Computing notes 2015 part two

This document contains only my personal opinions and calls of judgement, and where any comment is made as to the quality of anybody's work, the comment is an opinion, in my judgement.

[file this blog page at: digg Technorati]

151219 Sat: Making systems more fragile

Yesterday I was replacing the one disk storage unit in an Ubuntu based workstation and this was first somewhat complicated because the system boots from a /boot and / filesystem on an LVM2 logical volume using GRUB2. This can be handled by the LVM2 module for GRUB2, but it requires a careful set iof update because the new volume group and logical volume labels changed:

Such are the benefits of having multiple layers of software virtualization.

I did all this by attaching the flash SSD a new SATA target, and then setting up a new volume group and logical volumes on it and filetrees and then copying with RSYNC.

To fix the initrd images, the GRUB2 configuration and the bootloader install it is easiest if the new flash SSD is already the primary/boot unit on the workstation, so I recable it as such, and then used the GRML live image to boot the system and run the relevant commands with a chroot to the flash SSD's new / filetree. It is a bit sad that it is non trivial to do all this except in the default case, but I wanted to take a shortcut.

So far so ordinary. But then I also noticed that the just copied system was way out of date, and I used the aptitude command in the chroot to upgrade it. That failed: because some packages cannot be successfully upgraded (notably the awful udev by the despicable GregKH) unless DBUS is running and Upstart is running or both. Neither is available under GRML or in a GRML chroot, which is an old-style Debian derivative. The resulting system could not boot properly.

Despite some efforts to fix it by hand, I had to restore the / filetree as it was, reapply the configuration updates, and once rebooted, I could upgrade the outdated packages.

All of the above is quite regrettable because the story is that the boot process and the package installation process has become a lot more fragile: the tangle of dependencies, of course mostly undocumented, has become a lot deeper from the traditional UNIX days.

PS While writing this I noticed in an IRC channel another complication:

[16:01]         jena | hello everybody, yesterday I upgraded linux-image deb. 
                       Today when booting i get a lot of repeated message like 
                       "volume group sda5_crypt not found \n skipping volume 
                       group sda5_crypt \n unable to find LVM volume 
                       sda5_crypt/ENCRYPTED_OS" and (initramfs) promt, what 
                       should I do? [PS /dev/sda5 is a luks partition on which 
                       there are lvm for / and /home, /boot is on /dev/sda2] 
                       (should I ask in a different channel?)
151216 Sat: Ever faster PCIe based flash SSDs

A review of a recent fast flash SSD M.2 device is quite interesting and insightful. Some of the more interesting points:

Because of the small size and low power draw it is clearly targeted at laptops, but it seems a bit overkill for a laptop.

Because of the endurance and temperature limits it seems mostly aimed at short-medium bursts of peak performance, but I guess that with suitably cooling it could have a wider applicability, for example for collecting data at fairly high speed.

151114 Sat: Container based deployment has been around a long time

Reading a piece about container based deployment of applications caused me a lot of amusement when reading this astuste observation:

2. Are you operationally prepared to manage multiple languages/libraries/repositories?

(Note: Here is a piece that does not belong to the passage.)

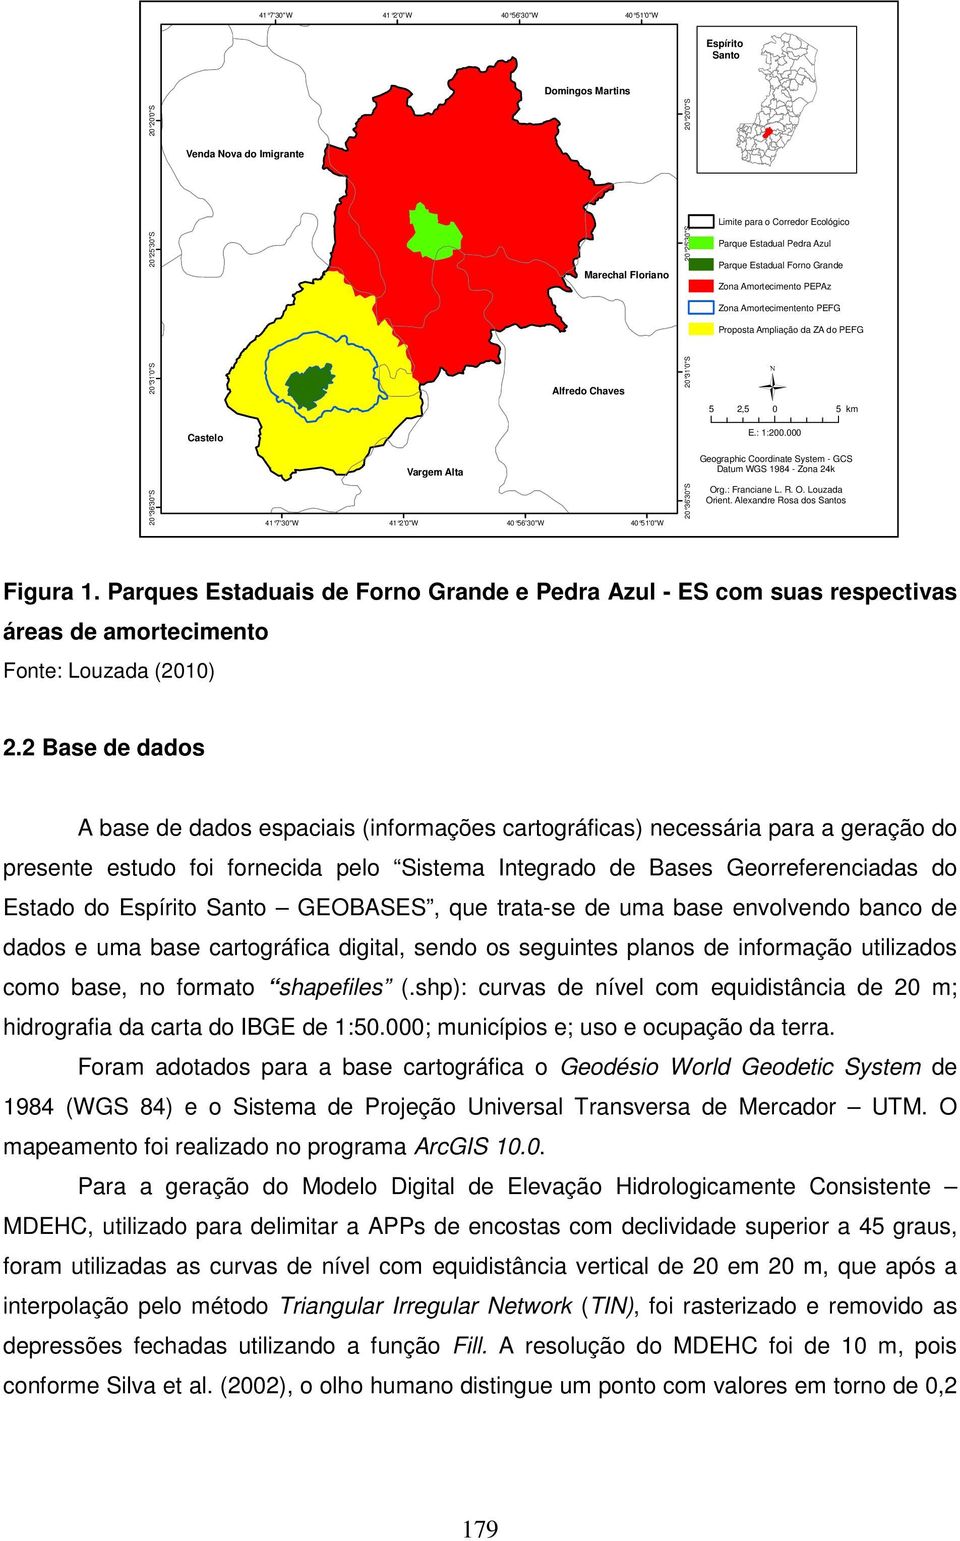 000 Vargem Alta Geographic Coordinate System - GCS Datum WGS 1984 - Zona 24k 20 36'30"S 41 7'30"W 41 2'0"W 40 56'30"W 40 51'0"W 20 36'30"S Org.: Franciane L. R. O. Louzada Orient.

Last year, we encountered an organization that developed a modular application while allowing developers to “use what they want” to build individual components. It was a nice concept but a total organizational nightmare — chasing the ideal of modular design without considering the impact of this complexity on their operations.

The organization was then interested in Docker to help facilitate deployments, but we strongly recommended that this organization not use Docker before addressing the root issues. Making it easier to deploy these disparate applications wouldn’t be an antidote to the difficulties of maintaining several different development stacks for long-term maintenance of these apps.

That encapsulates unwittingly the major reason why containerized deployment formats exist: precisely to avoid dealing in the short term with the difficulties of maintaining several different development stacks.

The biggest appeal of containers is that it shifts the burden of doing the latter to the developers of the applications by first letting them “use what they want” and then taking complete responsibility for the maintenance of all that.

But of course developers, once they have delivered the application, are rarely going to be involved in its long term maintenance: many will be moved to different projects, or leave, or will simply not have the incentives to look after the application stacks they have already delivered.

The second biggest appeal of container deployment is that it front-loads the benefits and back-loads the costs: deployment is cheap and easy, as it is maintaining the deployed applications and their stacks that is made harder, because they are isolated in each container.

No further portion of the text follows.